The last couple of days have mostly just been spent around Kerry's flat, which whilst it was a change of pace from the cycle of fixing-up Mum's house, has been a bit nervy without any real work to focus on.

I've had a succession of unexpected good fortune/lucky escapes recently. My bike lights and laptop escaped damage when I went over a pothole on Euston Road and they detached themselves from my bike. Mum's car doesn't need the £4500 of work she had thought it would, and is likely to be saleable in its current condition. I'm free to defer my thesis work until next year, and spend the time until then working and developing my skills independently. The unexpected insulation work that has given me a push to reorganise the house cabling, so I can get the home print and media servers running properly. Moving the garage around has uncovered materials so I can improve my bedroom shelving.

The only slight blot is the mixup over bar cover for the cricket club, which I need to work out with Robert before the next event.
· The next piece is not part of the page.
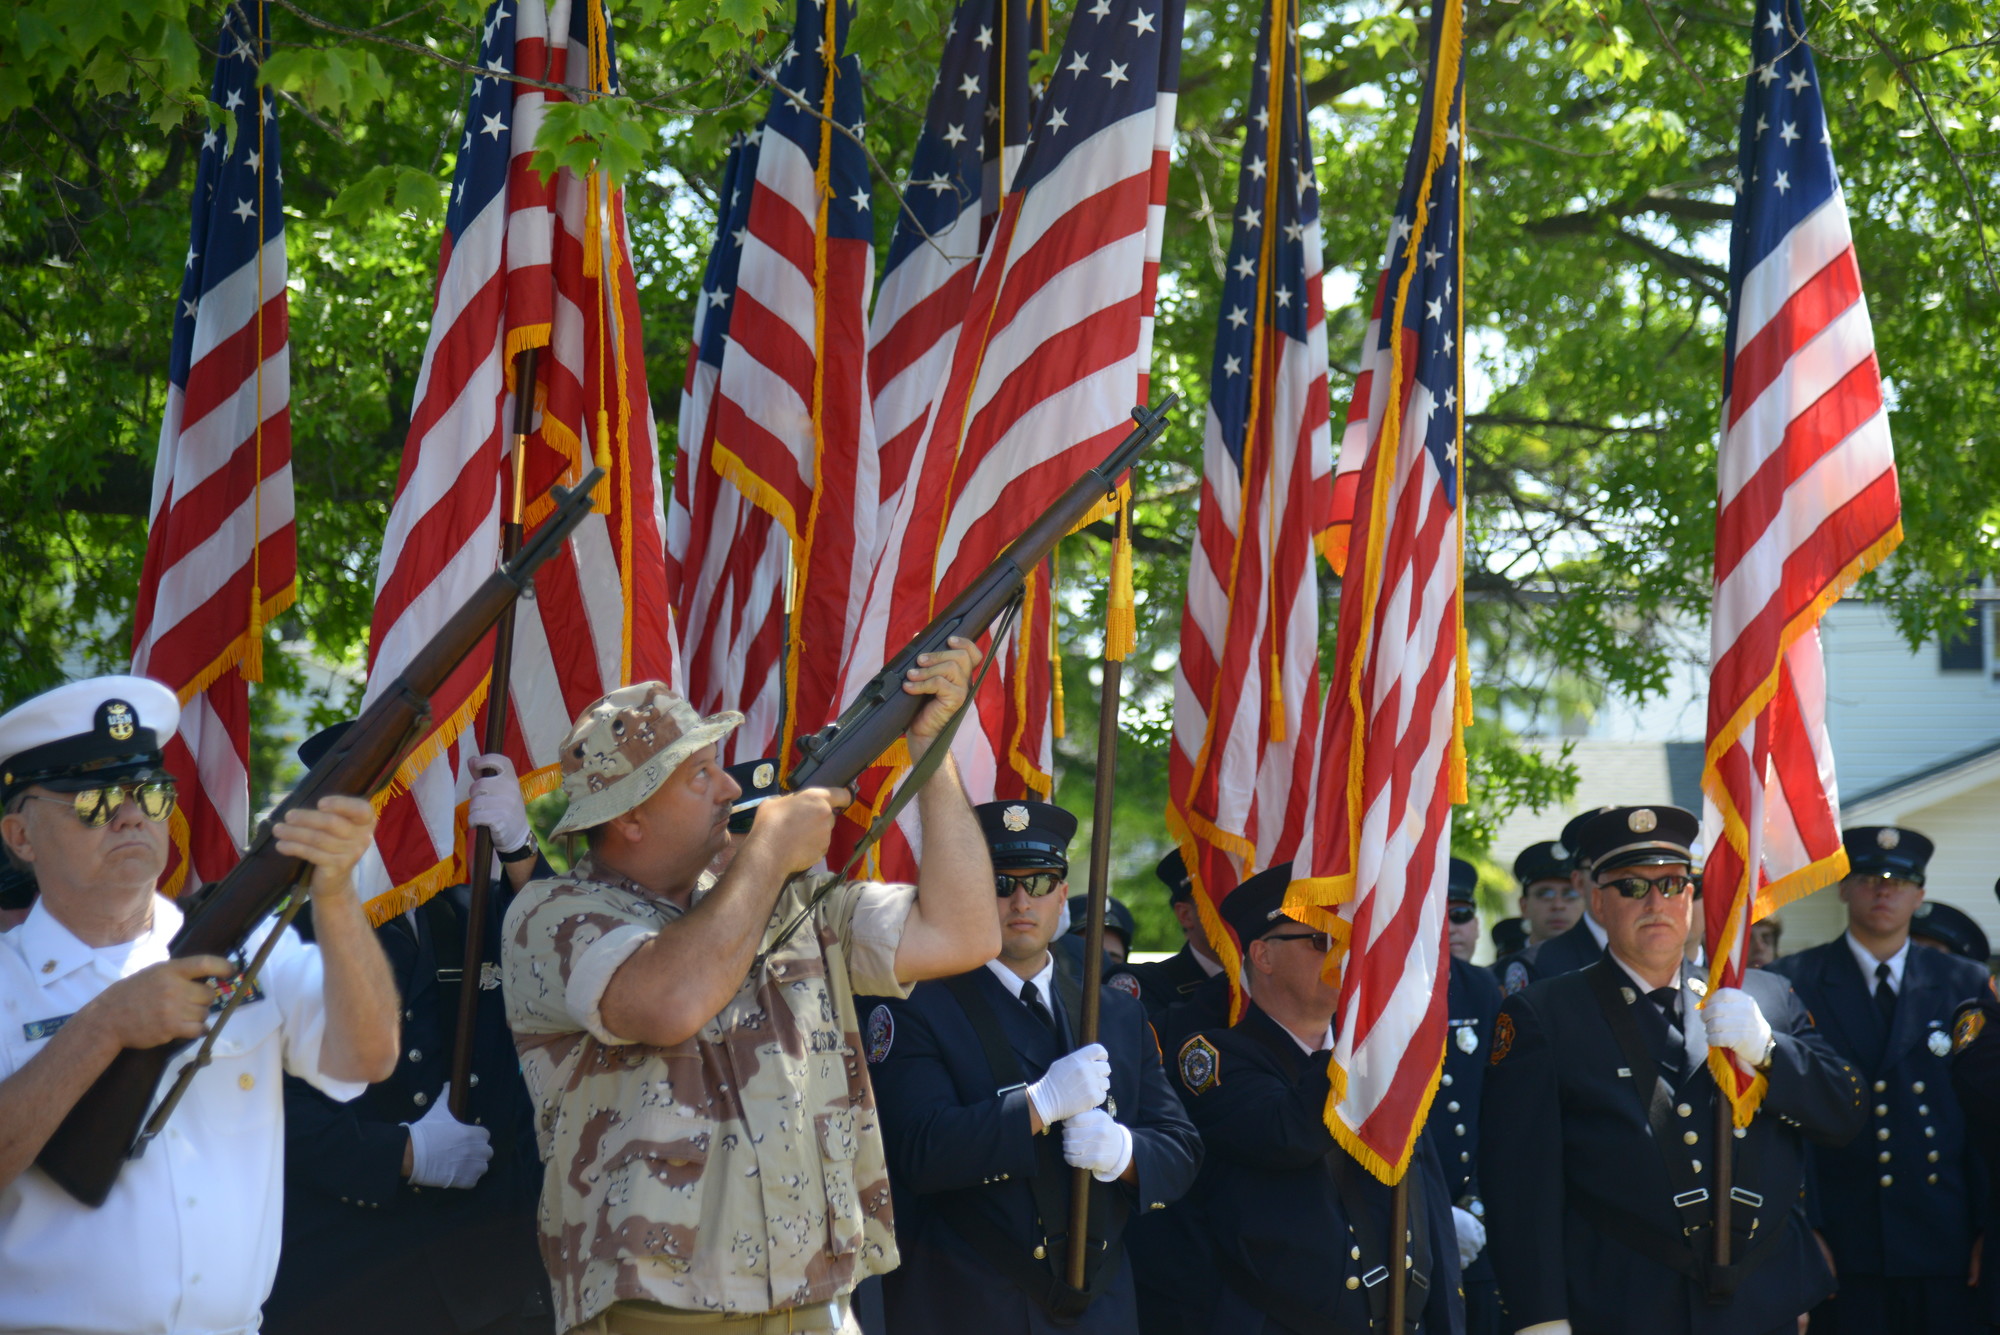 Veterans Offer a traditional gun salute.

I am quite glad that the cricket season is ending, and I'll get some more of my weekends back soon - much as I enjoy spending afternoons at Windmill Road, it does limit my chances to spend time with people working 9-5 jobs.
Wednesday, September 16th, 2015 01:08 am
The prospect of having cavity wall insulation done has meant some very quick reorganising of the garage and bedrooms, so that the contractors can reach every pay off the walls to drill holes. Thankfully all the areas which are inaccessible from outside are in need of redecoration inside, so they can drill through from inside to indicate the sections above the garages and conservatory. With the sliding of items away from walls has come a pretty comprehensive tidy of those items, so it's now looking much less cluttered, and I might soon have space to get a beer brewing for the first time since Dad.
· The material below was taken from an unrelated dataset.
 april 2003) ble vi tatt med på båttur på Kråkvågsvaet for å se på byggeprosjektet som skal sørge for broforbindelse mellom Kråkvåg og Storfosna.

Clearing out is very much a theme at the moment - I'm due to go over to Irchester to help Fiona once she's ready and back down south, and I tipped several very wet smelly sofas and chairs for Isla and Darren, although his haste in forcing them into my car has torn a bit of trim. Not a disaster, but it's another thing on the long list of car jobs, and looks like being difficult to glue. I am grateful to have had the car though, both for helping them, ferrying to and from Windmill Rd and for the fact that I was able to help Mum out when she broke down today on the way to work. Car dependency is a fact of life living here, but by doing multiple jobs in each run and offering it out to anybody else who needs lifts or freight I'm trying to reduce it, at least.
Wednesday, September 9th, 2015 11:28 pm
Today I have mostly been doing work for the cricket club. I fixed two door handles that had been wrenched off, sorted out a water supply for the allotments (possibly also getting talked into taking one on myself - maybe after the garden is complete), researched the cost of accepting cards at the bar (likely prohibitive) and converted some very pixellated advertising material into a vector format that will look much better when blown up to 8x4ft.
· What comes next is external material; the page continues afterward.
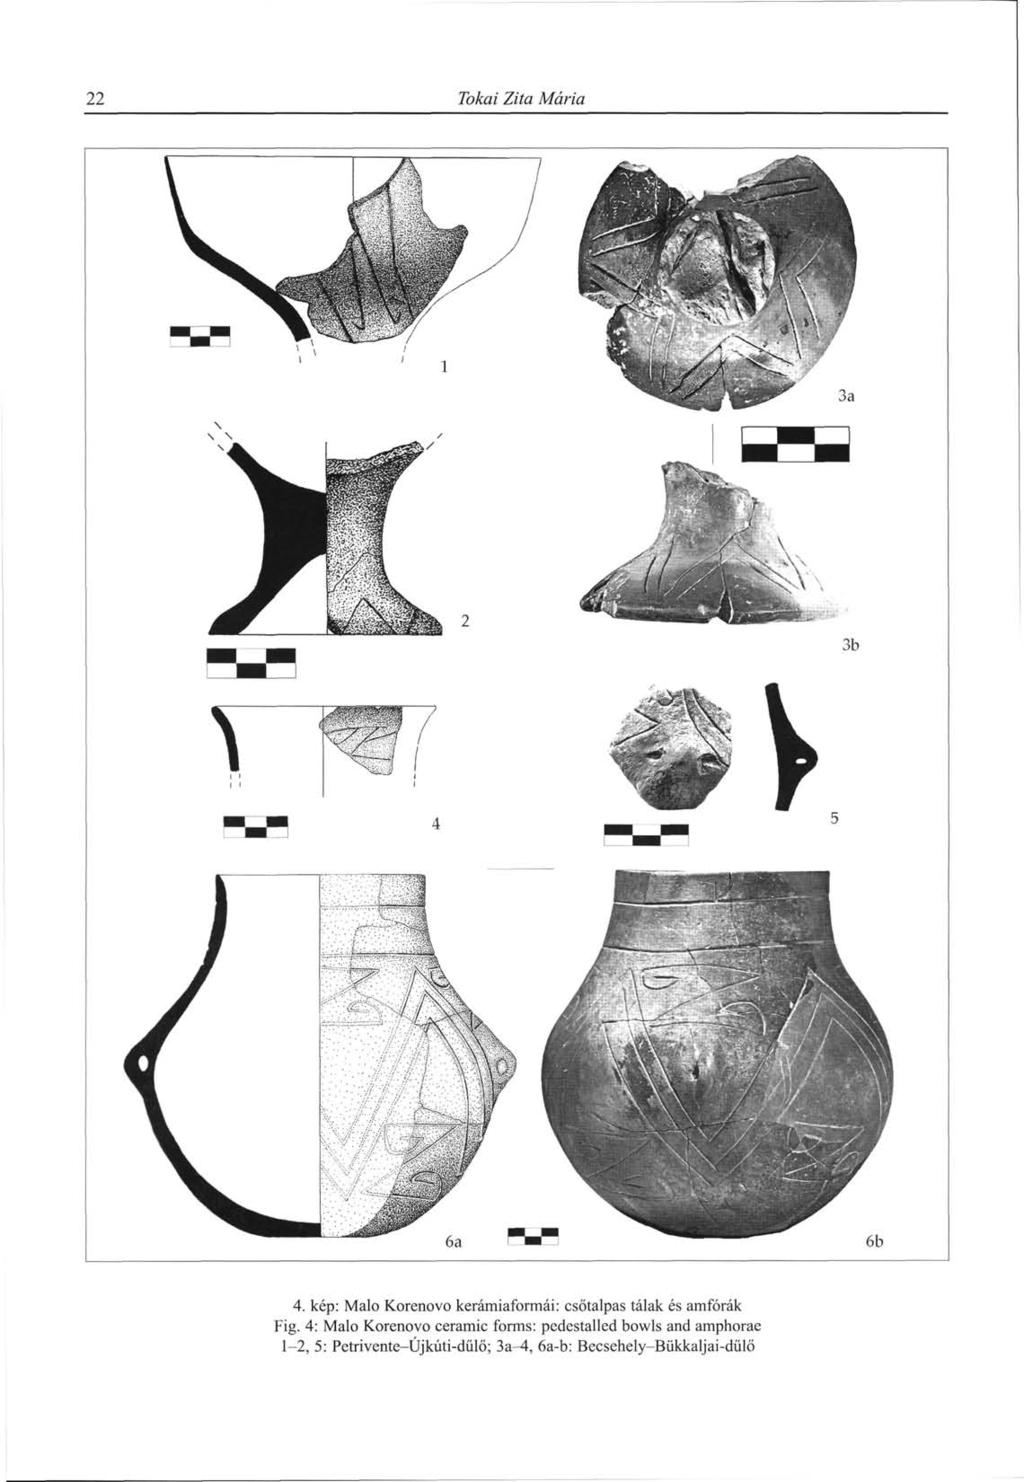 22 Tokai Zita Mária 4. kép: Malo Korenovo kerámiaformái: csőtalpas tálak és amforák Fig.

The afternoon I spent at the funeral for Philippa's dad, which was a lovely service, for all that it's a heartbreaking, unexpected loss. He and my Dad were so similar, and the consolation now they're both gone is much the same - there's no more pain, no more embarrassment at not being able to do what they used to do, but still a massive hole in life where they were. I'm waiting to collect the photos from scattering Dad's ashes in the Lakes to come back, and I might write up that trip once I've got them.

Tomorrow should be a more practical day at home, with several car jobs, some cabling to tidy up, and the ongoing network/media centre/digitisation work. There's also some re-proofing of walking gear to do, the grass to cut, and a tent size test to do, so that I can see which of the many variants on the Laser/Zephyros might be best suited for me.